Kay Olan (Ionataie:was), a retired Ndakinna Board Member, Kay Olan is a Wolf Clan Mohawk educator and storyteller. Kay taught elementary school in New York State for over thirty-three years. Upon retiring from teaching, she moved to Kanatsiohareke, a traditional Mohawk Community located in central New York State where she coordinated cultural lectures, workshops and programs including the Kanatsiohareke Mohawk Language Immersion Program. She appeared in the Iroquois segment of the documentary “How the West Was Lost” which aired on “The Discovery Channel”. The Indigenous Women’s Initiatives acknowledged Kay Olan as a “2009 Jigonsaseh Woman of Peace”. Now semi retired, Kay still makes occasional visits to share stories at Ndakinna as well as serves as a part time cultural advisor.

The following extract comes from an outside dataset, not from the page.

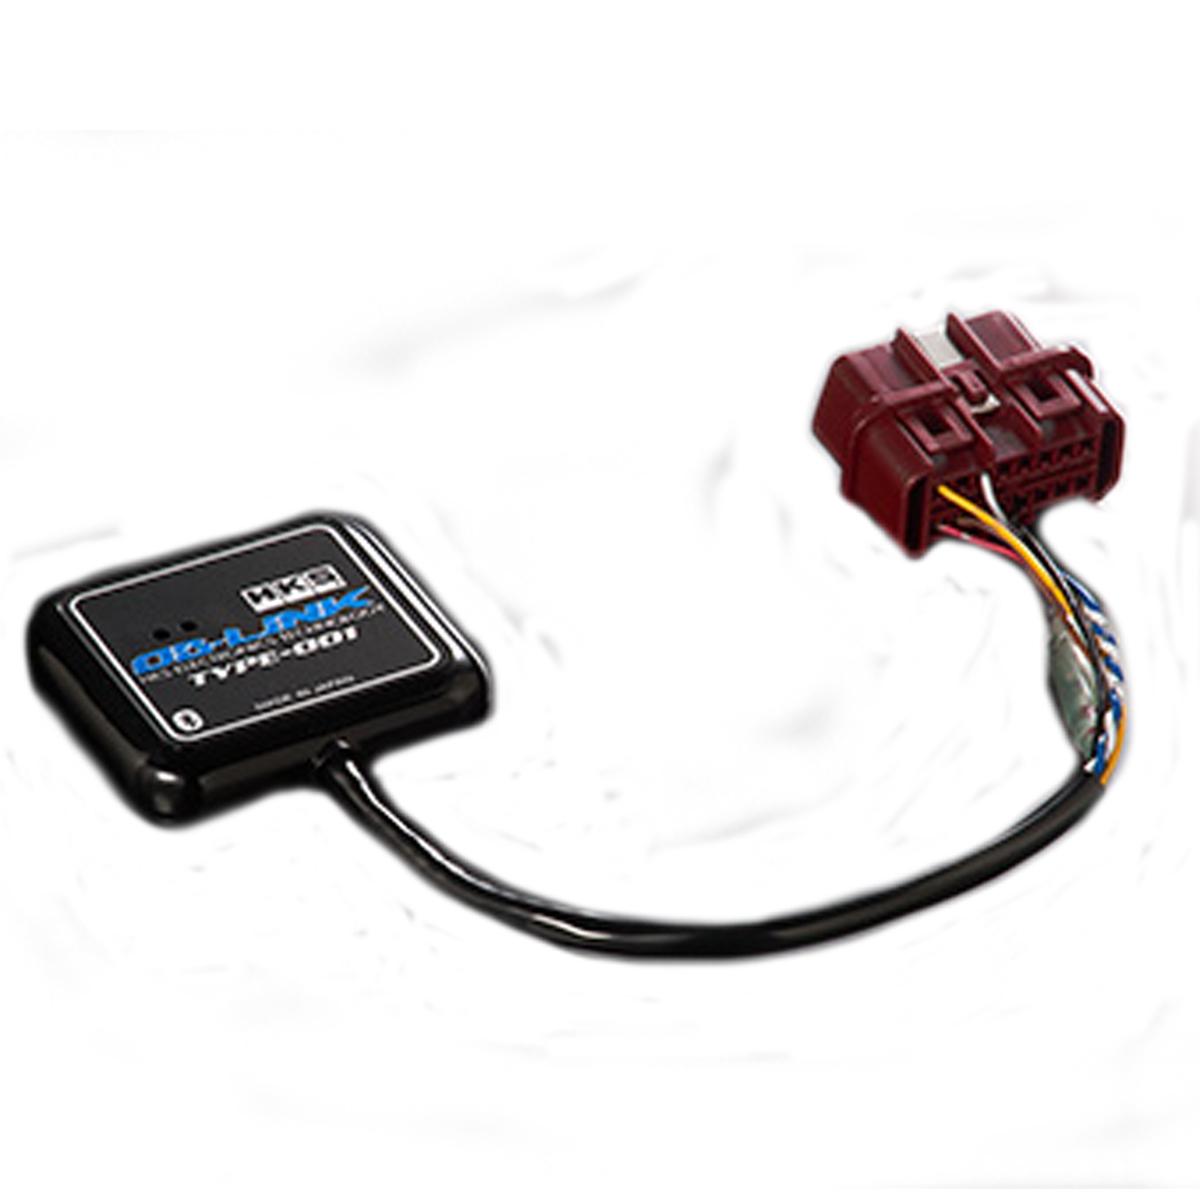 ランクル プラド ランドクルーザ ープラド モニター OBリンク タイプ 001 VZJ121W HKS 44009-AK002 エレクトリニクス

Perry Ground is a Turtle Clan member of the Onondaga Nation of the Haudenosaunee (Iroquois) Confederacy. He has been telling stories for over 20 years as a means of educating people about the culture, beliefs and history of the Haudenosaunee. Perry learned most of the stories he shares from the elders of various Native American communities and feels that practicing and perpetuating the oral traditions of Native people is an important responsibility. Professionally, Perry has worked in several museums including The Children’s Museum of Houston, Sainte Marie among the Iroquois and Ganondagan State Historic Site. He has shared his stories in countless museums, libraries, classrooms, and festivals throughout the northeast and has guest lectured at numerous colleges. Perry is the former Project Director of the Native American Resource Center within the Rochester (NY) City School District.

 

In Memoriam

Joseph A.E. Joubert (1944-2020) – Board Member Emeritus

Joseph A.E. Joubert, known as Elie, is retired from 20 years active U.S. Naval service, with the rank of Command Chief Petty Officer. He received the Navy Achievement Medal awarded by the Secretary of the Navy. Elie served in a variety of Naval ships and stations throughout his career. After retiring, he established an additional career as NYS Division for Youth counselor at Tryon, N.Y., and was also house manager for ARC’s in Amsterdam and Saratoga Springs, NY. He takes exceptional pride in being an Abenaki Indian, born at Odanak Indian Reservation, P.Q., Canada. He also teaches the Abenaki language and culture in New York and New England. He is a very well respected Elder of his tribe and others of the W8banaki Confederation of Tribes.. He is trilingual, speaking French, English and the Abenaki languages.

Carol Bruchac (1942-2011)

Without Carol, we would not have Ndakinna (or for that matter, its Director, James). She was a constant source of guidance, organizational support, and wisdom. Along with her husband, Joe, she was the founder and Co-Director of the Greenfield Review Literary Center from which The Ndakinna Education Center evolved. Her vibrance, caring nature, and dedication to Ndakinna and her family will never be forgotten.